Professor Ying Cheong, a specialist in reproductive medicine at the University of Southampton, told MailOnline: ‘CAPA-IVM is an exciting new fertility treatment.
“Early studies have shown good success, although the overall live birth rate remains lower than with traditional IVF treatment.”
He added: “The long-term safety of CAPA-IVM, since it requires the use of various components in the culture media to stop and start the maturation of eggs, is still unknown for mothers and babies.
“Further studies would be needed to determine its safety before widespread use.”
Meanwhile, Professor Daniel Brison, clinical embryologist at the University of Manchester, said: ‘CAPA IVM is an exciting and welcome new development in IVF treatment.
‘Like all forms of IVF, where oocytes and embryos are kept in the laboratory outside the body, the artificial environment can also present risks.

‘Many years of blood, sweat and tears have gone into this. “Countless hours of research over two decades, so this is a very proud moment,” said Professor Robert Gilchrist, who led the CAPA-IVM research alongside scientists in Brussels and Ho Chi Minh City. photo, Professor Gilchrist with Leanna, Theo and Bonnie.
“To validate this treatment it is important to consider the risks versus the benefits.”
He called for trials to be carried out to evaluate how children born with this technique fare.
To date, approximately 150 children have been born worldwide using CAPA-IVM.
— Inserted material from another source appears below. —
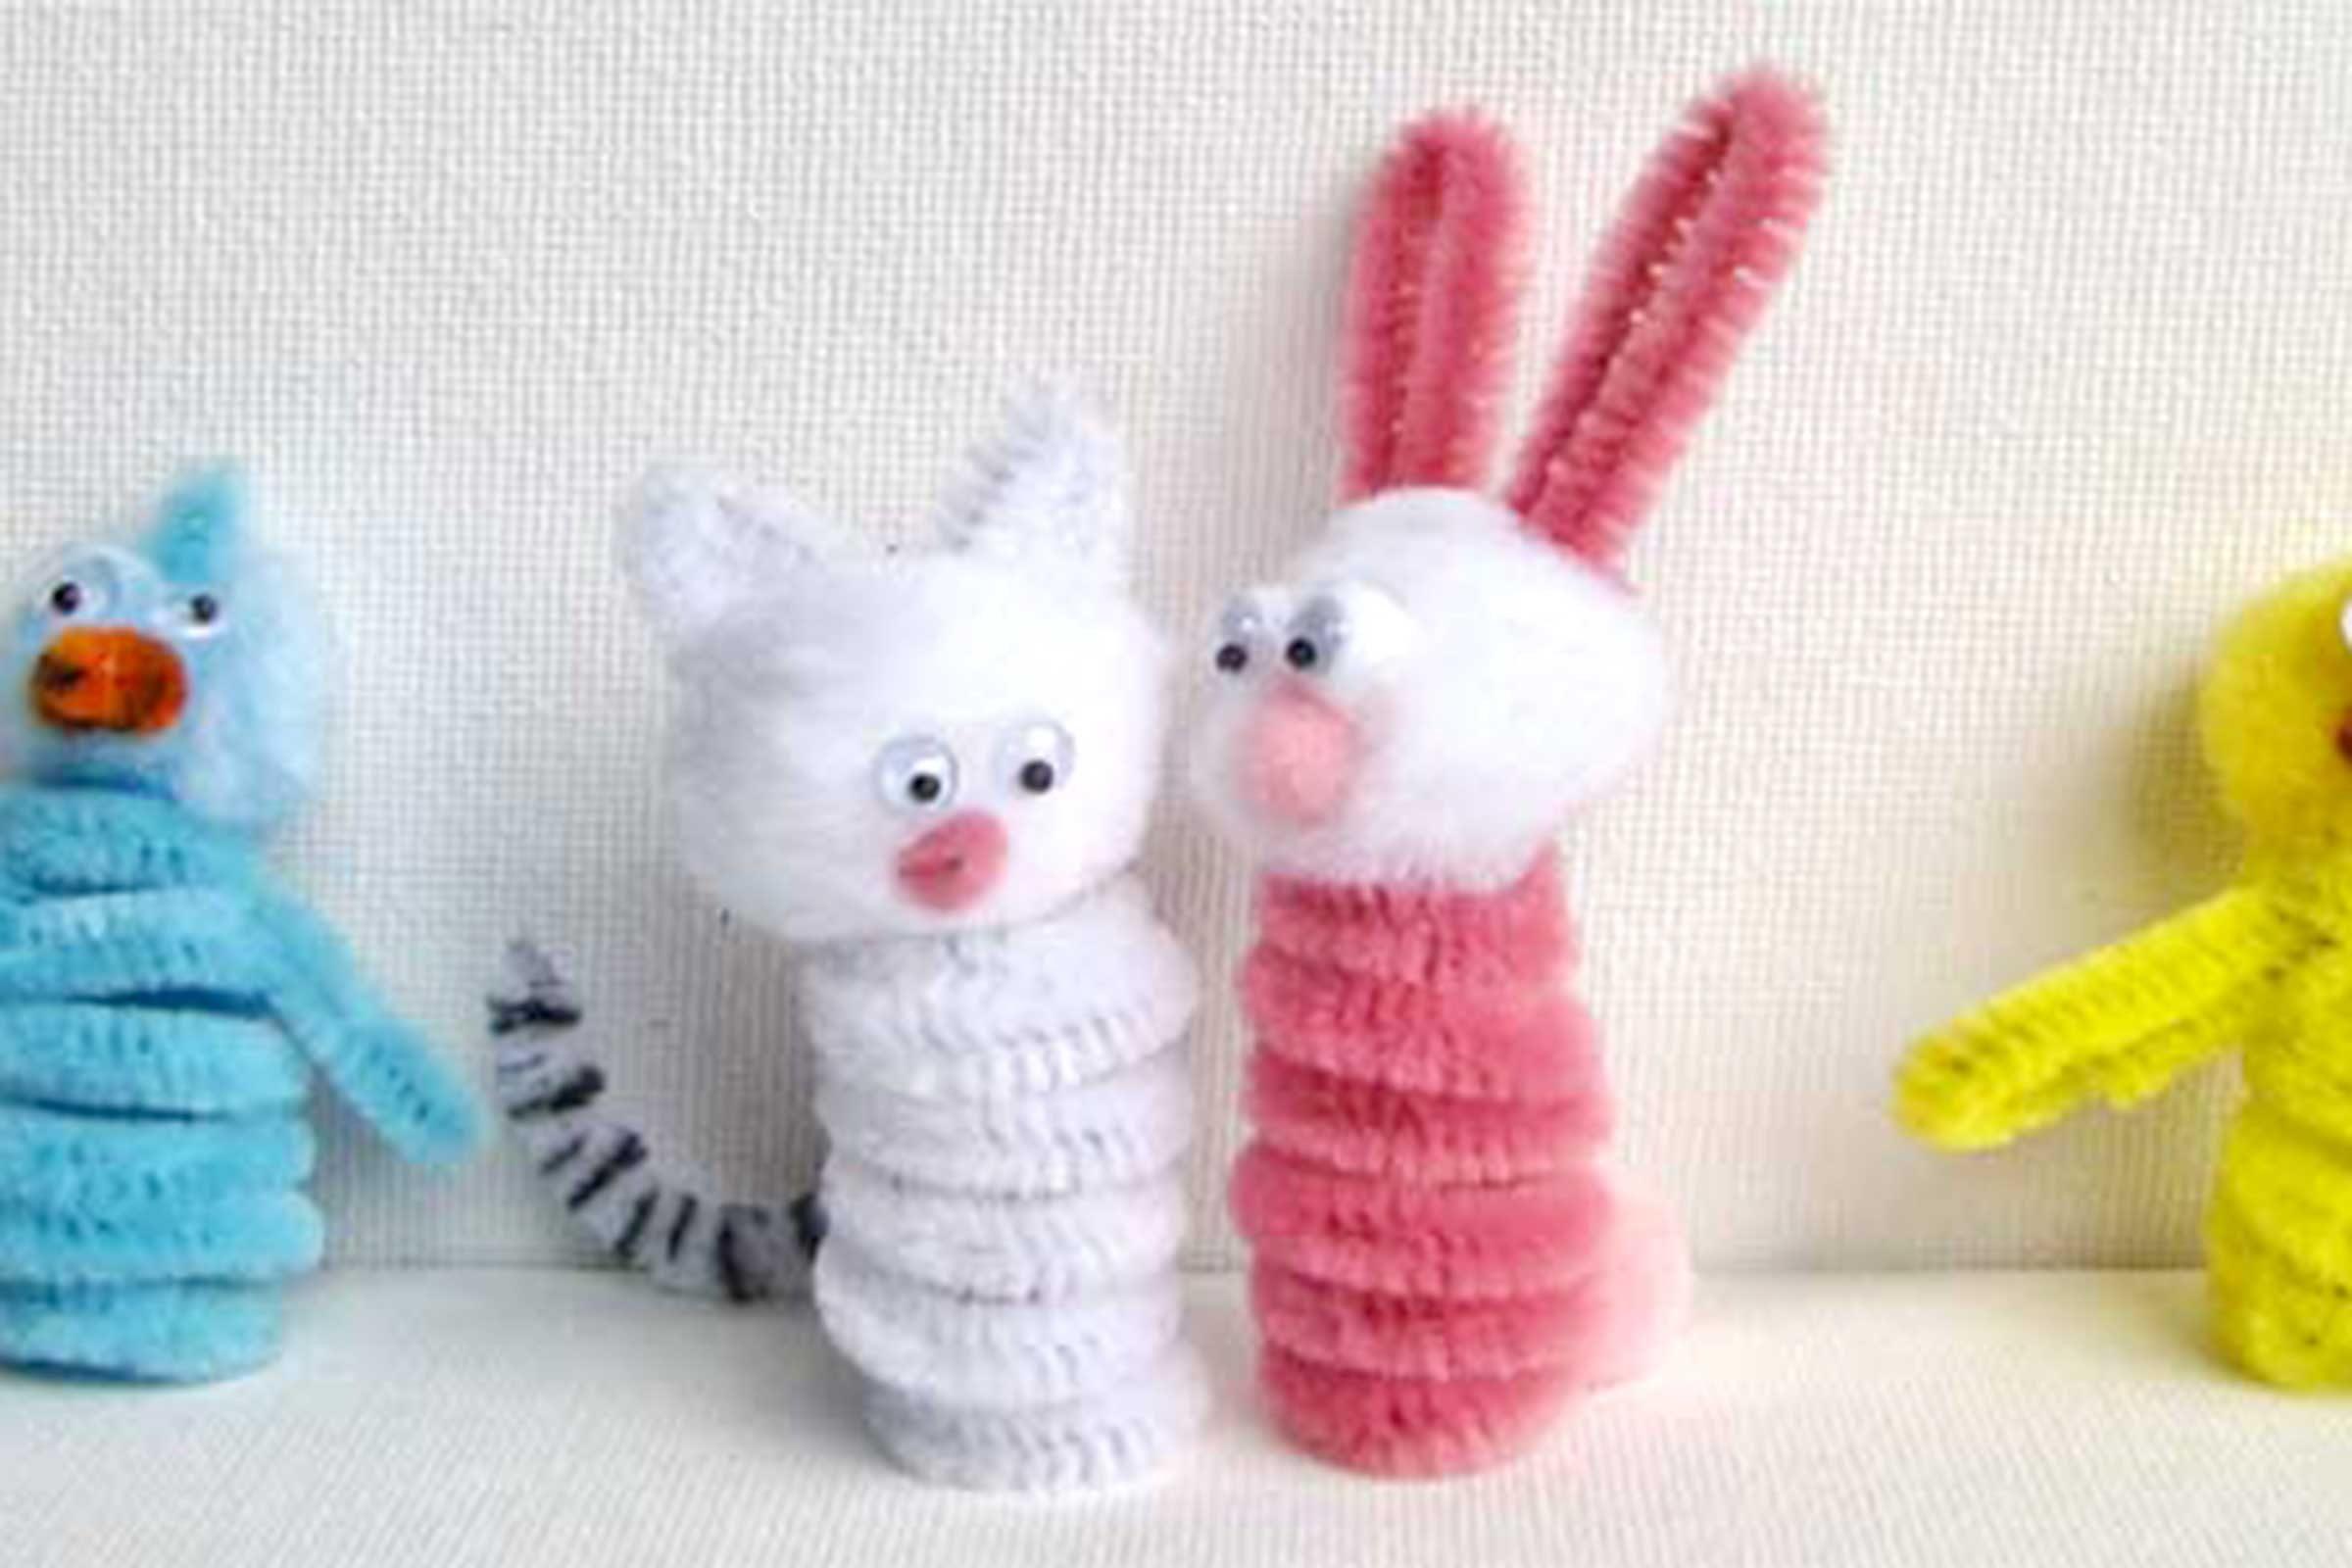 easter crafts to brighten

Assessments of mothers and babies suggest it poses no additional dangers, according to the Fertility and Research Center at the Royal Sydney Women’s Hospital, where Bonnie was born last week.
Researchers also claim that pregnancy rates per cycle using the procedure are higher.
However, the clinics themselves recognize that IVM, despite being safer and cheaper, is only half as successful.
Professor Robert Gilchrist, of the University of New South Wales, Sydney, who helped develop the CAPA-IVM treatment, said of Bonnie’s birth: ‘Many years of blood, sweat and tears have gone into this.
‘Countless hours of research over two decades, so this is a moment of great pride.
“Being able to take a discovery from the lab to the clinic and make a real difference for Leanna in her fertility journey and for other women who will follow is very special.”
In February, India also welcomed its first CAPA-IVM baby at Oasis Fertility’s The Warangal center in the south of the country.
The HFEA, the UK’s independent regulator for fertility treatments, currently warns against IVM altogether because it is a “new technique”.
Rachel Cutting, from the HFEA, told MailOnline: ‘Licensed clinics in the UK are authorized to perform IVM.
‘However, because IVM is a new technique, very few births have occurred thanks to IVM compared to other types of IVF treatment.
“This means we can’t be 100 percent sure of its safety until there are more healthy births and researchers have been able to observe the development of children as they grow.”
Around 55,000 Britons went through the grueling IVF process in 2021, the latest figures from the Human Fertilization and Embryology Authority (HFEA) show.
According to their data, success rates ranged from 41 percent for those under 35 to six percent for those over 44.
Under current official guidelines, women under 40 who are struggling to have a child should receive three cycles of fertility treatment on the NHS.
But in July MailOnline revealed that only three parts of the country meet this access criterion, developed 10 years ago.
Most health authorities, which are allowed to set their own access rules, offer only one IVF cycle.
Some deny it to women over 35 years of age. Others even refuse to pay for the procedure if they or their partner already have children.